= Concerto for Orchestra (Carter) =

1969 composition by Elliott Carter

The Concerto for Orchestra is a four-movement concerto for orchestra written in 1969 by the American composer Elliott Carter. The work was commissioned by the New York Philharmonic to commemorate their 125th anniversary and was premiered by the orchestra under the conductor Leonard Bernstein in the Philharmonic Hall, New York City, on February 5, 1970.

==Composition==
The piece has a duration of approximately 22 minutes and is composed in four movements:

To compose the work, Carter split the orchestra into four harmonically juxtaposing sections designated by musical range: high, middle-high, middle-low, and low. Additionally, different percussion instruments were assigned to accompany each of the four sections.

===Instrumentation===
The work is scored for an orchestra comprising three flutes (2nd and 3rd doubling piccolo), three oboes (3rd doubling cor anglais), three clarinets (2nd doubling bass clarinet, 3rd doubling E-flat clarinet), two bassoons, contrabassoon (doubling bassoon), four horns, three trumpets, two trombones, bass trombone, tuba, timpani, six percussionists, harp, piano, and strings.

==Reception==
The Concerto for Orchestra has been praised by musician and critics alike. The cellist Fred Sherry (who performed the first recording of Carter's Cello Concerto) described the Concerto for Orchestra as one of three Carter pieces he would "recommend to every music lover", including A Symphony of Three Orchestras and Symphonia: sum fluxae pretium spei. Tom Service of The Guardian similarly praised the work as "an incandescent blaze of musical poetry."
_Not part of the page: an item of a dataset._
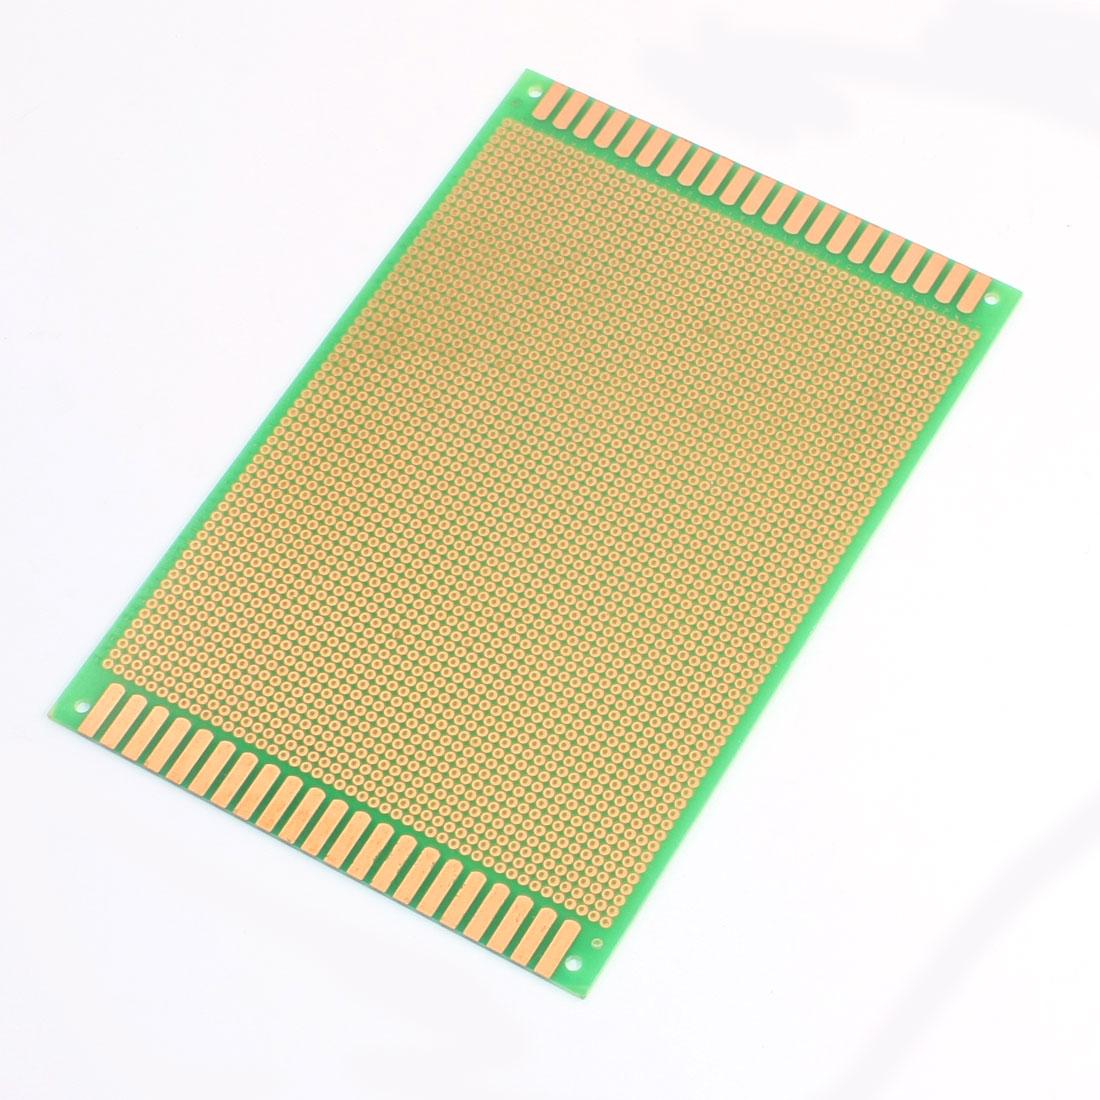 Prototyping Green One Side Universal Copper PCB Board Stripboard 12x18cm

David Patrick Stearns of The Philadelphia Inquirer described his first experience with the piece (and of Carter's music), writing, "My own journey with Carter began in the late 1990s with a recording of his Concerto for Orchestra, often thought to be one of his difficult works. I was prepared to be baffled. Then I realized that all his music required was the kind of keen attention you'd give to driving down the Brooklyn–Queens Expressway. What's the problem? The music is, if anything, too rich."